ACTION ITEM: Look through the entries below for the line with "Merkkijärjestelmän toteuttaminen on" and the line with "Центрально-Азиатская климатическая информационная", then give again exactly those two lines and all lines between them, minus the pictures.

THE DATA:
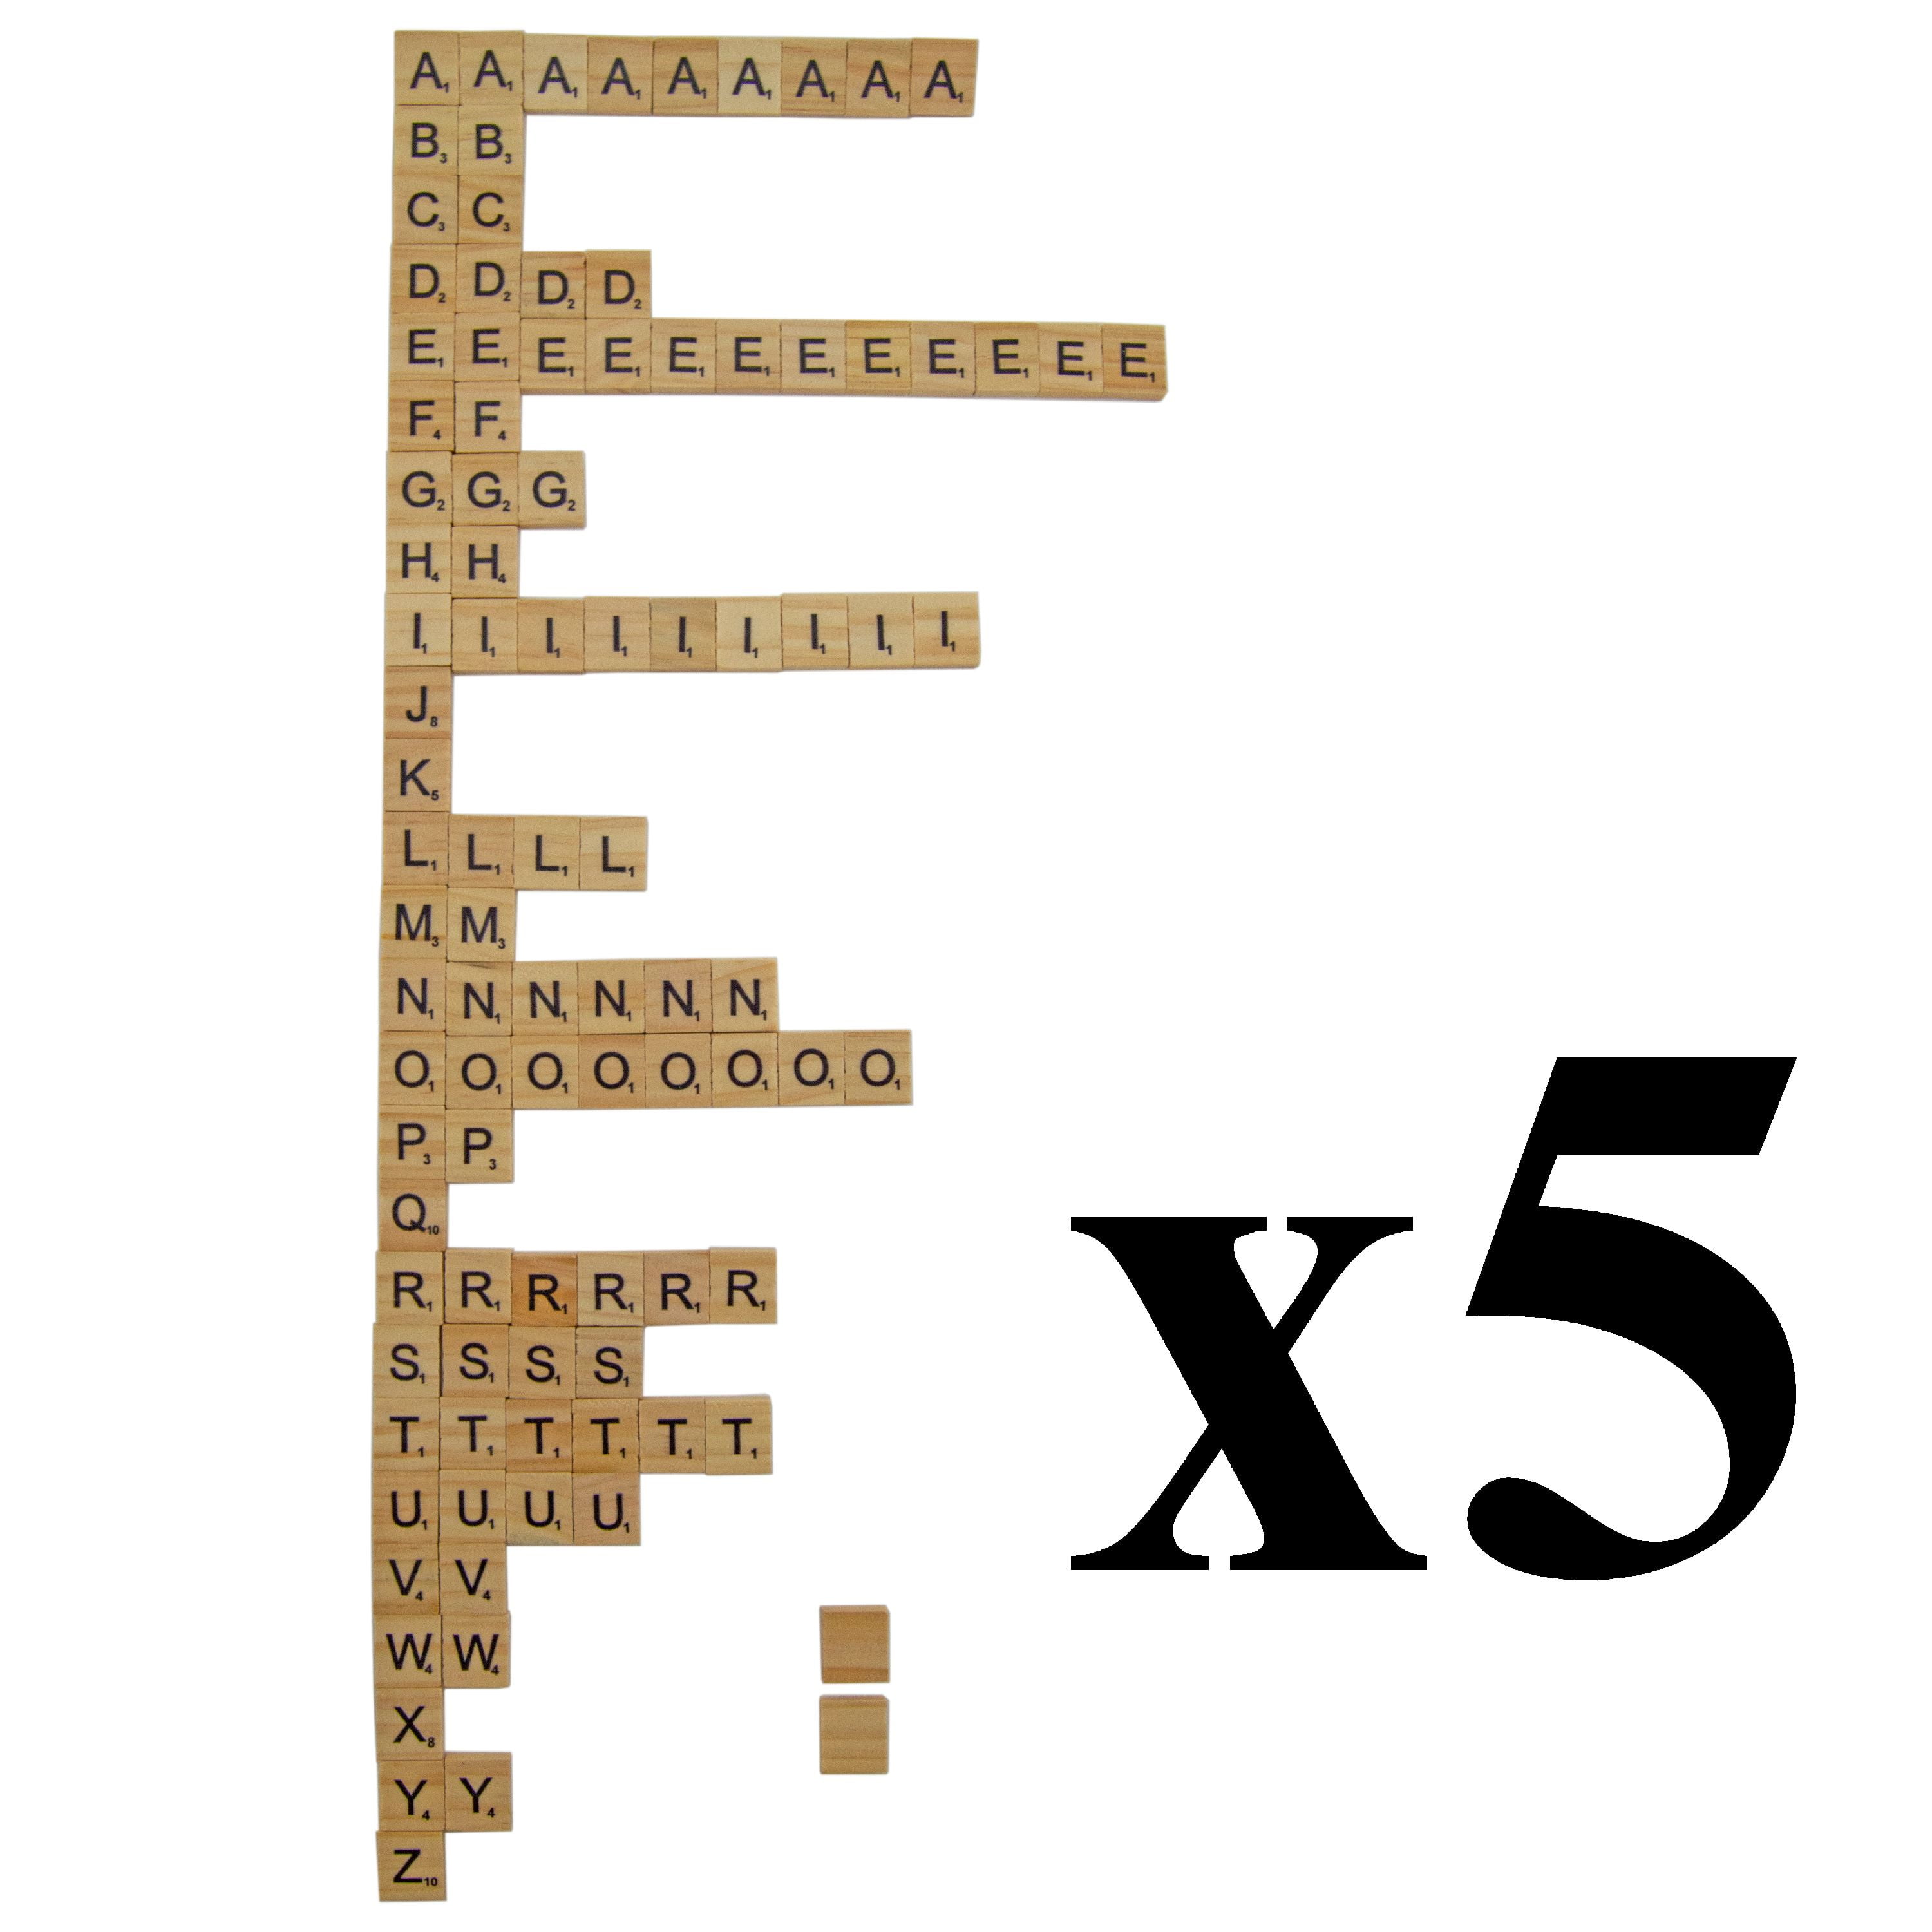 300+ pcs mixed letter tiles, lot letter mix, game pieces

==

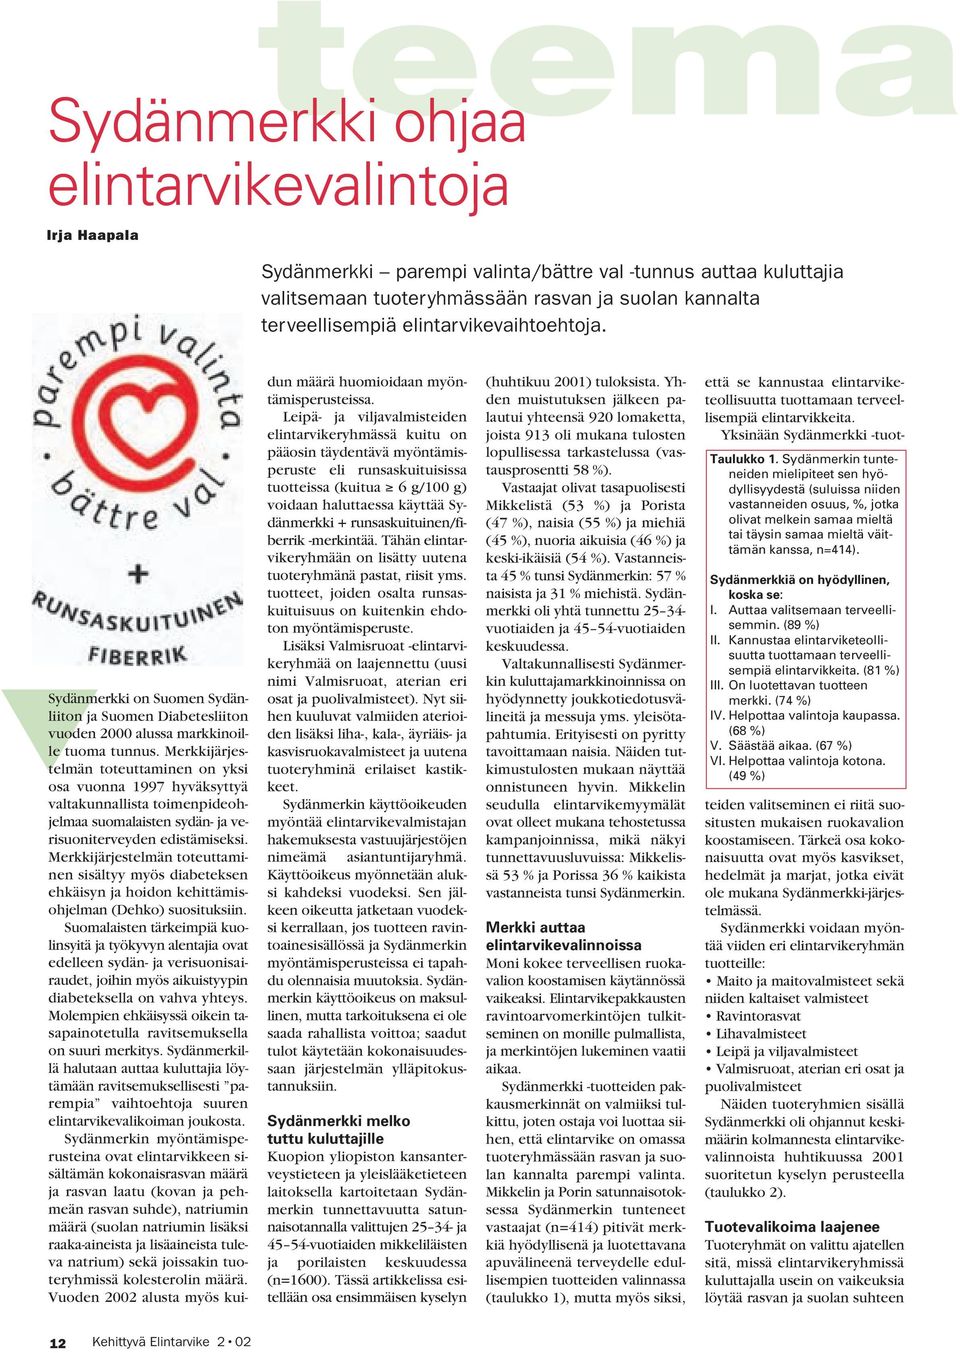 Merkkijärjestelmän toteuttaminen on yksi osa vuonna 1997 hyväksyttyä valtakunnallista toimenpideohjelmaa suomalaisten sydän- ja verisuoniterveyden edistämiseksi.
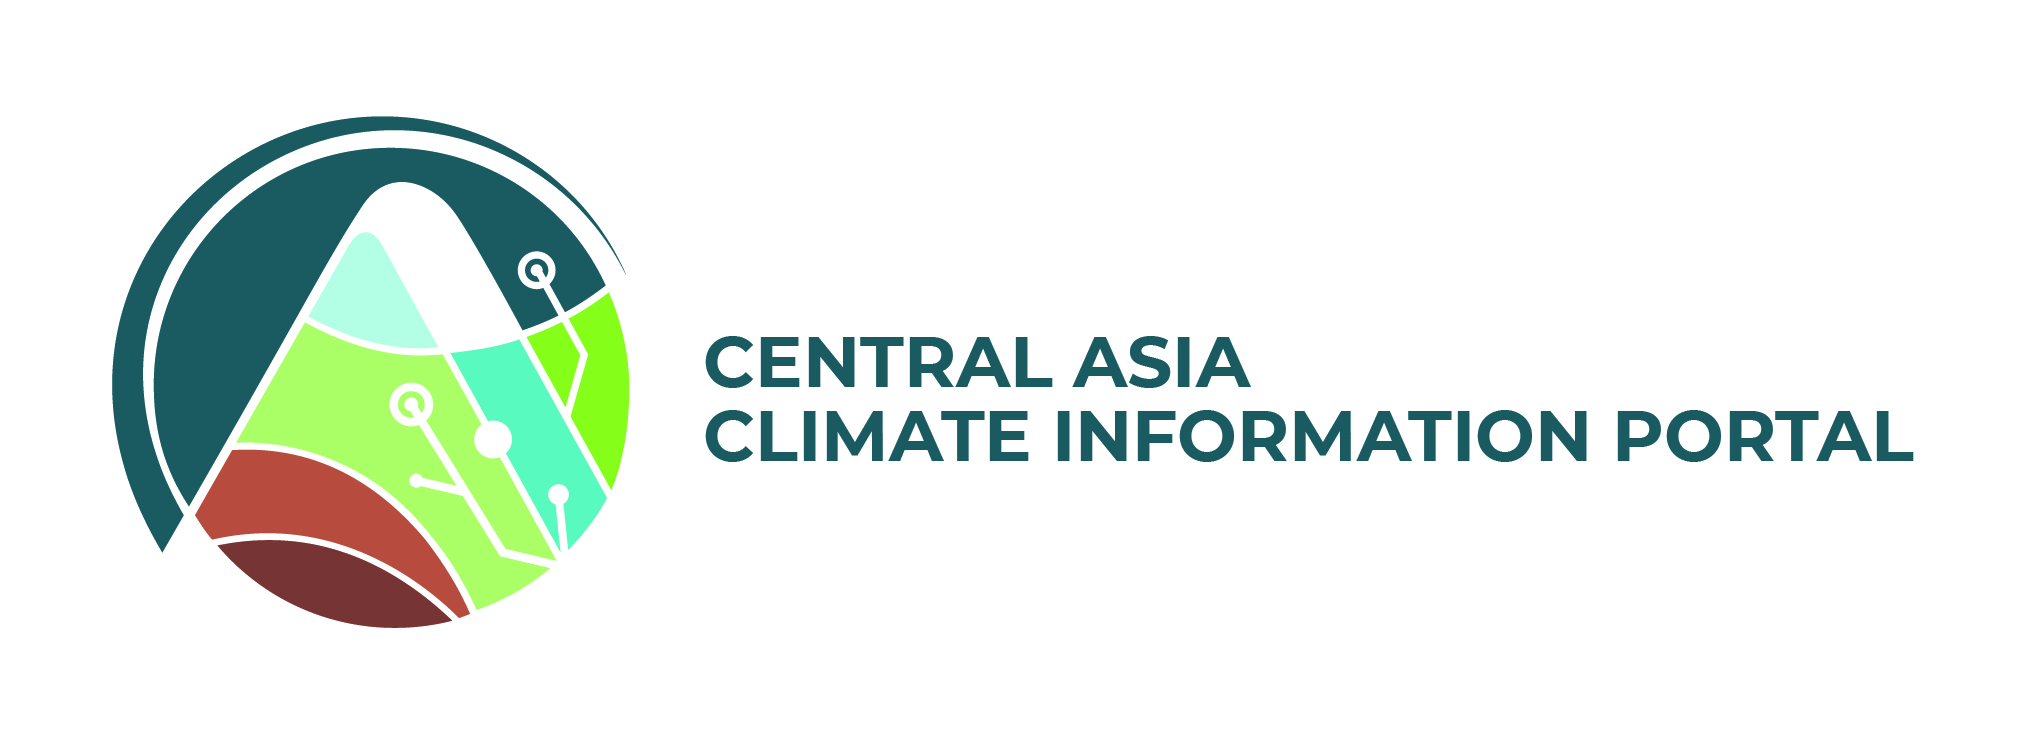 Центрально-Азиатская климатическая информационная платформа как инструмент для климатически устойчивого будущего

* * *

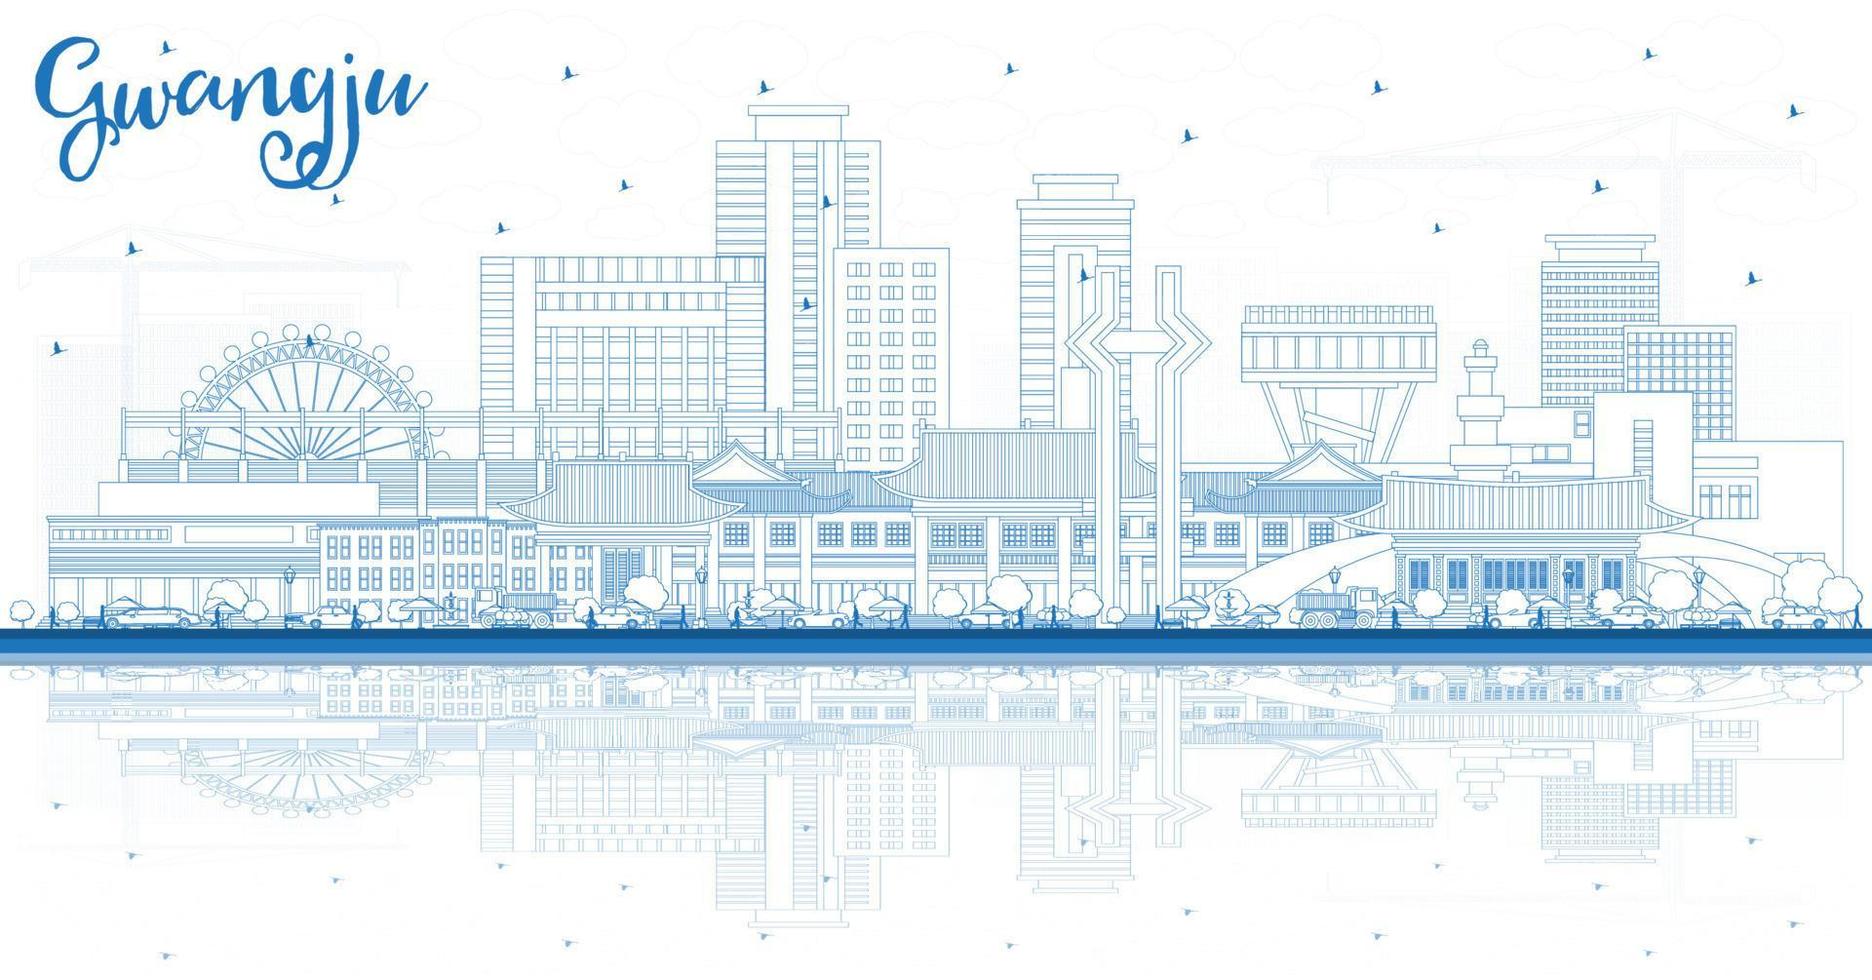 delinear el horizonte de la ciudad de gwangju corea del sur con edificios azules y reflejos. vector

ANSWER TO THIS PROBLEM:
 Merkkijärjestelmän toteuttaminen on yksi osa vuonna 1997 hyväksyttyä valtakunnallista toimenpideohjelmaa suomalaisten sydän- ja verisuoniterveyden edistämiseksi.
 Центрально-Азиатская климатическая информационная платформа как инструмент для климатически устойчивого будущего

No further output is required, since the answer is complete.